Why Database Operations Hit the Wall

An operations team often goes from uninterrupted scaling to a complete meltdown. The problem is that the database your team is using only scales to a certain point. The company is rapidly growing and you plan to have a “company making” weekend. Then, something bad goes wrong. The MySQL server has reached capacity in terms of its ability to process requests, resulting in lost users, business and opportunity. This is a fundamental flaw in design of any database that can’t do clustering for scale-out. Instead of having your team embark on a giant software development project, you can install a ClustrixDB. Our database grows simply by adding nodes into the cluster, saving you hundreds of thousands, and sometimes millions of dollars, in development cost and unplanned downtime.

One thing at Clustrix we’ve seen over and over again is the mixed surprise, delight, and fear about a rapidly scaling online business. In some cases, seemingly over a weekend, an operations team goes from scaling just fine to complete meltdown. How can this be? How come your operations team was able to scale from 0 to 200,000 users, but couldn’t go from 200,000 users to 300,000 users?

Here is some analysis of why this happens. It comes down to the inability of existing solutions to scale incrementally with load. The problem is the database. The database your team was using to build the back-end system only scales to a certain point. What was working all through development, QA, and ini al deployment may suddenly fail at the worst possible time — as soon as your application starts to grow.

The following graphs show typical performance data, along with a projected project timeline. This mirrors the experience of many web application groups.

The Scenario

Here is a description of the trap that we’ve seen a lot of folks fall into. You’ve built your application, customers are starting to take notice, and you’re growing. Things are taking off:

 

Growth curve

Every day more and more people are taking notice. You want to really accelerate things, so you launch a big promo on and have your first huge weekend. This weekend could be “company making” for you guys, and it’s all hands on deck to make sure nothing bad happens. But something bad does happen — something terrible:

Losing customers at scale

This is based on test run data from a MySQL server on a production level server. What happened here? We climbed up a slope of performance and concurrency and suddenly everything cratered. A er the ini al peak, each a empt to add more load was met with less throughput, not more. The MySQL server has reached capacity in terms of its ability to process requests. It can do no more work than it’s doing now. This isn’t some fundamental flaw in MySQL. This is a fundamental flaw in design of any database that can’t do clustering for scale-out and the results are lost users, lost business, and a painful way to watch an opportunity go down the drain.

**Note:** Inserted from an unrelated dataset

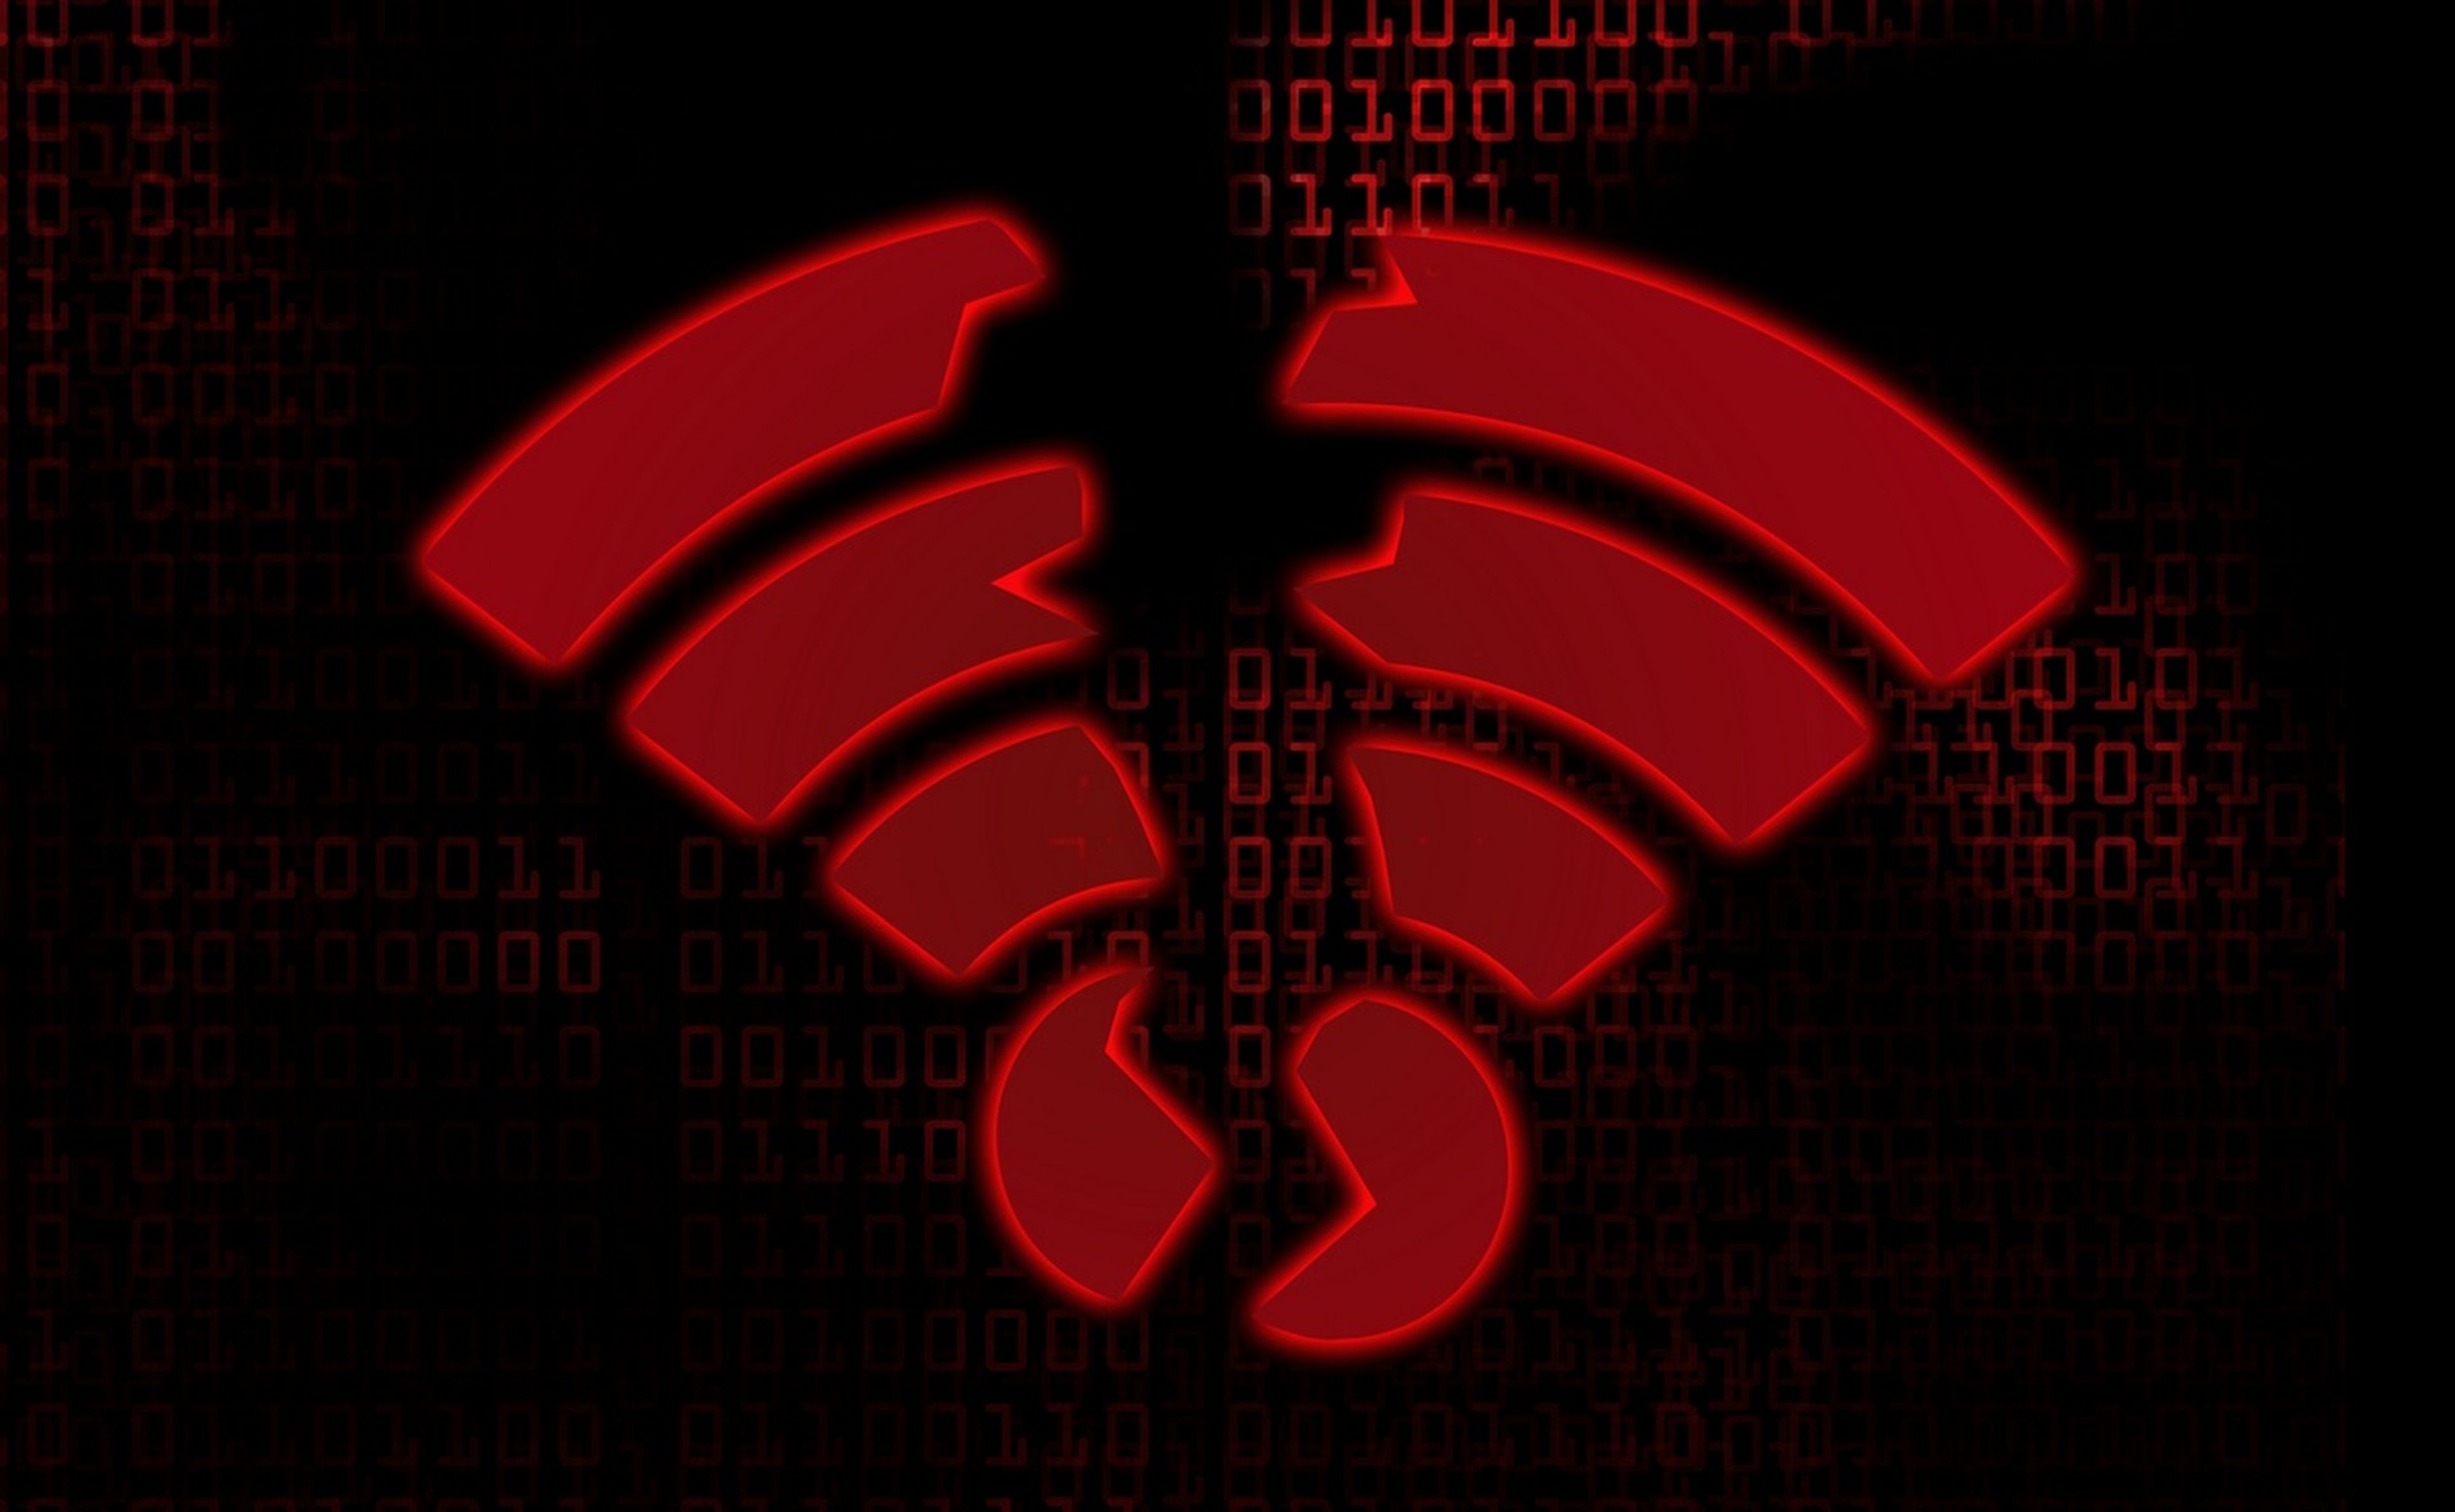 Un bug en el firmware pone en peligro miles de millones de dispositivos WiFi

At this point the operations and dev team works up a plan. Maybe buying a bigger server can delay the problem, but that’s only a temporary solution. What are you going to do once you hit the limits of that box? The most common solution is something called “sharding”. When the team starts sharding, they break what used to be a single database into a bunch of individual databases. They write software to glue things back together again. This breaks most of the benefits that these databases were designed to deliver, and produces a very brittle and easy to fail application stack. Sharding is the development-heavy solution to the problem of not having a scalable database solution. People spend months writing very complex code, and then the maintenance of this code goes on and on … forever. The people who can do this kind of work are hard to find, very expensive, and specialize in these sorts of infrastructure problems that have workarounds which are extremely application specific. The solution for one application doesn’t work for any others because it’s a baked in part of the application architecture — a custom project, not a solution.

Enter ClustrixDB

With ClustrixDB you have a real, permanent, and simple solution. Instead of having your applications team embark on a giant software development project, you can install ClustrixDB. Our database grows simply by adding nodes into the cluster. Let’s zoom out on that earlier data plot and look at how ClustrixDB compares to that MySQL server:

Growing database with nodes

hat this shows is that adding nodes to a ClustrixDB cluster results in on the fly scale and performance. No matter what your operational scalability and performance needs, ClustrixDB can handle it.

This contrast with sharding is why our customers tell us that ClustrixDB has saved them hundreds of thousands, and sometimes millions, of dollars in development cost and unplanned downtime. Think about the time to market advantage of having the infrastructure challenges already solved. If you don’t, you’re competitors will. Take advantage of the proven scale-out capabilities of the ClustrixDB cluster.

Now, anybody anywhere in the world can build scalable applications without having to worry about the database.